A hundred thousand men, costing the taxpayers a hundred million francs, live as well and provide as good a living for their suppliers as a hundred million francs will allow: that is what is seen. 1.30
But a hundred million francs, coming from the pockets of the taxpayers, ceases to provide a living for these taxpayers and their suppliers, to the extent of a hundred million francs: that is what is not seen. Calculate, figure, and tell me where there is any profit for the mass of the people. 1.31
I will, for my part, tell you where the loss is, and to simplify things, instead of speaking of a hundred thousand men and a hundred million francs, let us talk about one man and a thousand francs. 1.32
Here we are in the village of A. The recruiters make the rounds and muster one man. The tax collectors make their rounds also and raise a thousand francs. The man and the sum are transported to Metz, the one destined to keep the other alive for a year without doing anything.
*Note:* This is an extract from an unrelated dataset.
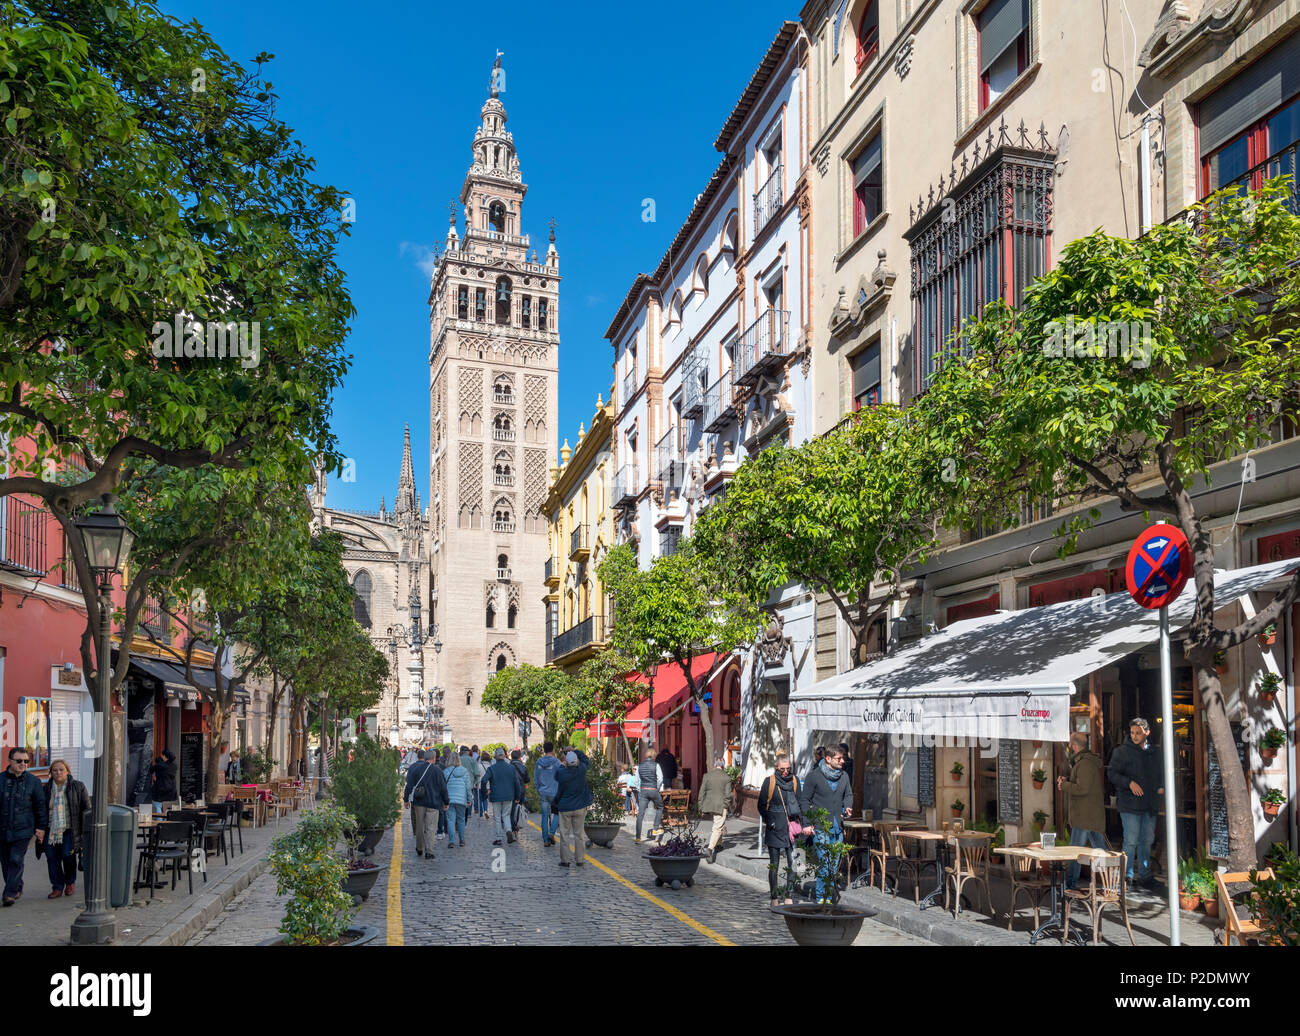 Siviglia, Spagna. Caffè in calle Mateos Gago guardando verso la torre Giralda e la Cattedrale, Sevilla, Spagna Foto Stock

If you look only at Metz, yes, you are right a hundred times; the procedure is very advantageous. But if you turn your eyes to the village of A, you will judge otherwise, for, unless you are blind, you will see that this village has lost a laborer and the thousand francs that would remunerate his labor, and the business which, through the spending of these thousand francs, he would spread about him. 1.33
At first glance it seems as if the loss is compensated. What took place at the village now takes place at Metz, and that is all there is to it. But here is where the loss is. In the village a man dug and labored: he was a worker; at Metz he goes through "Right dress!" and "Left dress!": he is a soldier. The money involved and its circulation are the same in both cases: but in one there were three hundred days of productive labor; in the other there are three hundreds days of unproductive labor, on the supposition, of course, that a part of the army is not indispensable to public security. 1.34
Now comes demobilization. You point out to me a surplus of a hundred thousand workers, intensified competition and the pressure that it exerts on wage rates. That is what you see. 1.35
But here is what you do not see. You do not see that to send home a hundred thousand soldiers is not to do away with a hundred million francs, but to return that money to the taxpayers. You do not see that to throw a hundred thousand workers on the market in this way is to throw in at the same time the hundred million francs destined to pay for their labor; that, as a consequence, the same measure that increases the supply of workers also increases the demand; from which it follows that your lowering of wages is illusory. You do not see that before, as well as after, the demobilization there are a hundred million francs corresponding to the hundred thousand men; that the whole difference consists in this: that before, the country gives the hundred million francs to the hundred thousand men for doing nothing; afterwards, it gives them the money for working. Finally, you do not see that when a taxpayer gives his money, whether to a soldier in exchange for nothing or to a worker in exchange for something, all the more remote consequences of the circulation of this money are the same in both cases: only, in the second case the taxpayer receives something; in the first he receives nothing. Result: a dead loss for the nation. 1.36
The sophism that I am attacking here cannot withstand the test of extended application, which is the touchstone of all theoretical principles. If, all things considered, there is a national profit in increasing the size of the army, why not call the whole male population of the country to the colors?